To evaluate the added value of CT pulmonary angiography (CTPA) in patients who have undergone this procedure for suspected pulmonary embolism (PE). We evaluated this added value by investigating both the rate of pulmonary embolism ascertained and the rate of CTPA without abnormal findings, each in relationship to various characteristics of the patient and referring individuals.


Diagnostic cross sectional research


Data on all patients 18 years and older who underwent CTPA from November 2008 to February 2011 at the Leiden University Medical Centre because of suspected pulmonary embolism were entered into a database. We collected information on the patient, referring individual, reason for referral and the outcome of the CTPA, and described the rate of positive CTPA for various subgroups.
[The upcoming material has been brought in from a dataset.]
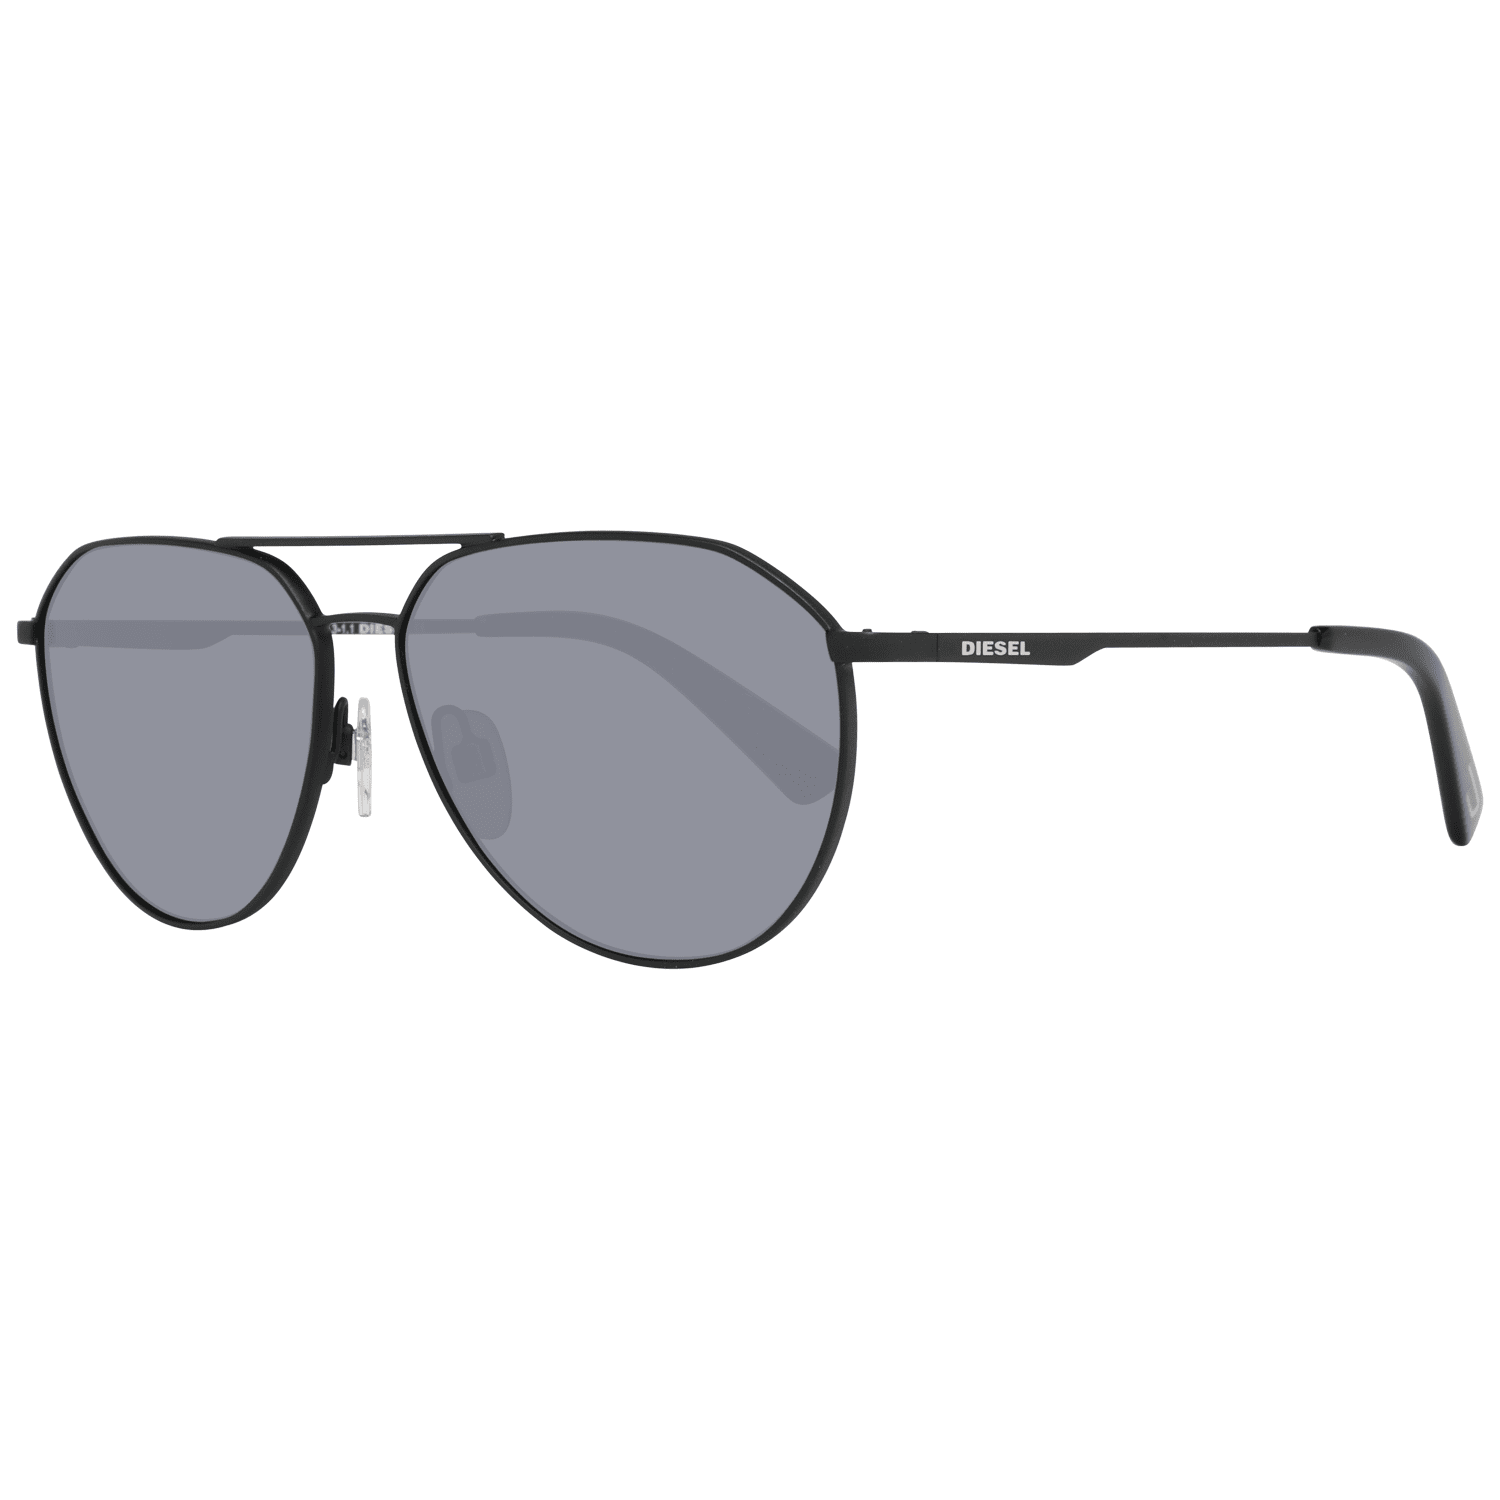 Diesel DL0296 02A Black Sunglasses. Lens Width = 58mm. Nose Bridge Width = 13mm. Arm Length = 145mm. Sunglasses, Sunglasses Case, Cleaning Cloth and Care Instrtions all Included. 100% Protection Against UVA & UVB Sunlight and Conform to British Standard EN 1836:2005

In addition, we described the rate of CTPA's within these groups in which no abnormalities were demonstrable.


After exclusion of patients with a PE found by chance (n = 28), the total patient population was comprised of 1344 patients. In 19.1% of these patients, PE was confirmed by CTPA. This percentage was lower in the female population (16.9%; 95% CI: 14.4-19.6), and in outpatients (10.9%; 95% CI: 5.5-16.3). In 42% of CTPAs in the group of patients younger than 40 years, no abnormalities were found


The CTPA yield could be improved in women and younger patients. This would increase cost-effectiveness and reduce unnecessary side effects. For this reason, further investigation into the motives of doctors referring young people, women and outpatients would be helpful in preventing the overuse of this diagnostic tool.